Décès de Maryam Mirzakhani, première mathématicienne lauréate de la prestigieuse médaille Fields 

La mathématicienne iranienne est morte d’un cancer à l’âge de 40 ans. Elle s’était notamment spécialisée dans la géométrie des formes inhabituelles.
Devenue la première femme à recevoir la prestigieuse médaille Fields  -l’équivalent du prix Nobel en mathématiques- en 2014, Maryam Mirzakhani est morte à 40 ans d’un cancer aux États-Unis, ont annoncé un proche et des médias iraniens ce samedi. 
Née en 1977, cette iranienne, professeure à l’université américaine de Stanford, avait fait de la géométrie des formes inhabituelles sa spécialité. Elle a notamment découvert de nouvelles façons de calculer les volumes d’objets avec des surfaces hyperboliques comme, par exemple, une selle de cheval. 
« Dotée d’une parfaite connaissance d’un éventail très divers de techniques mathématiques et de cultures mathématiques disparates, elle maîtrise une rare combinaison de capacités techniques, d’ambition audacieuse et une profonde curiosité », écrivait le Congrès international des mathématiciens (ICM) en annonçant sa récompense. 
    « C’est un grand honneur et je serai heureuse si cela encourage de jeunes femmes scientifiques et mathématiciennes », avait alors déclaré la lauréate. « Je suis convaincue que de nombreuses autres femmes recevront ce type de récompense dans les prochaines années. » 

        

La passion des mathématiques
« Une lumière s’est éteinte aujourd’hui. Cela me brise le coeur… partie bien trop tôt », a écrit Firouz Michael Naderi, scientifique américano-iranien et ancien de la Nasa, sur Twitter et Instagram. « Un génie? Oui, mais aussi une fille, une mère et une épouse », a-t-il ajouté dans un autre message accompagné d’une photo en noir et blanc de Maryam Mirzakhani, coupe courte et regard clair fixé vers l’objectif. 

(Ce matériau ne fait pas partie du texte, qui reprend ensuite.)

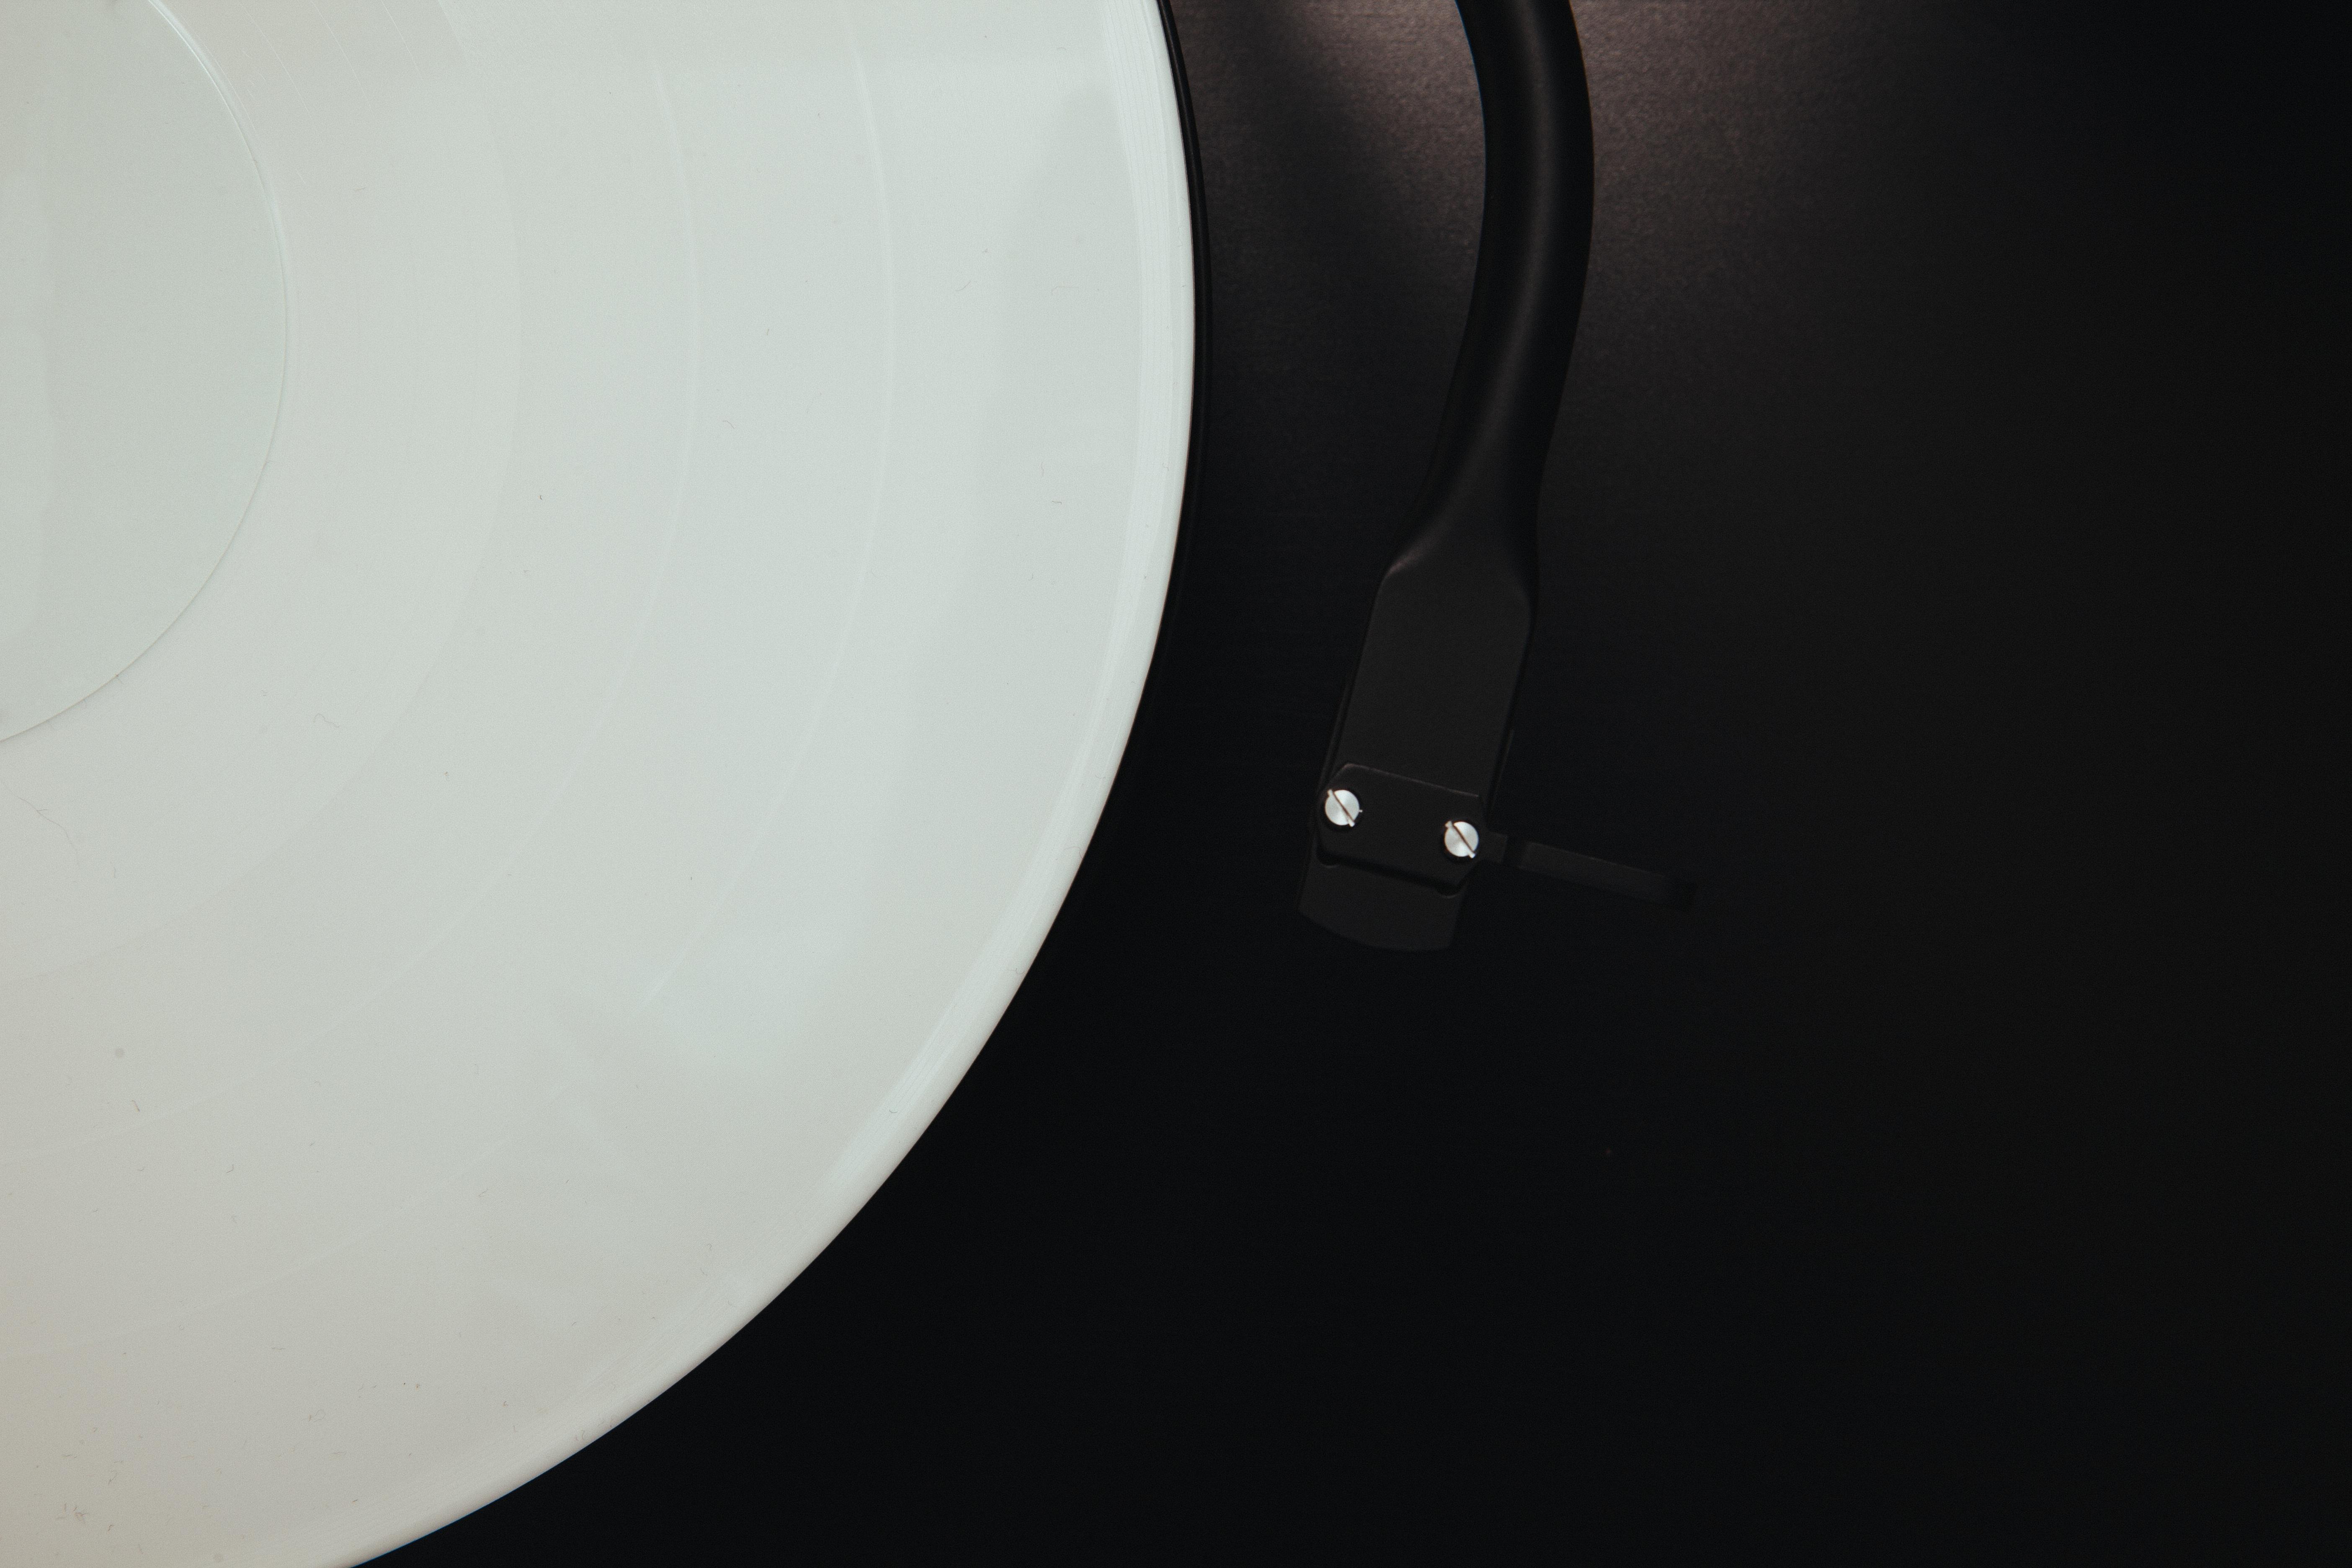 Record Music Needle Vinyl Turntable Light White Ceiling Gadget Lamp Black  Lighting Circle Dj Album Audio

Enfant, Maryam Mirzakhani se rêvait écrivain, avant de se passionner au collège pour les chiffres et les équations. 
    « C’est amusant, c’est comme faire un puzzle ou résoudre une énigme policière », assurait avec simplicité celle qui se fit déjà remarquer lorsque, adolescente, elle remporta les olympiades internationales des mathématiques deux années de suite, en 1994 et 1995, avec un score parfait à l’issue de la seconde édition.
Vendredi, Firouz Michael Naderi avait mis en ligne une photo de la jeune femme en train d’écrire des formules mathématiques sur un tableau noir avec ce message: « c’est quelqu’un de très réservé mais envoyez-lui vos pensées positives et vos énergies positives ».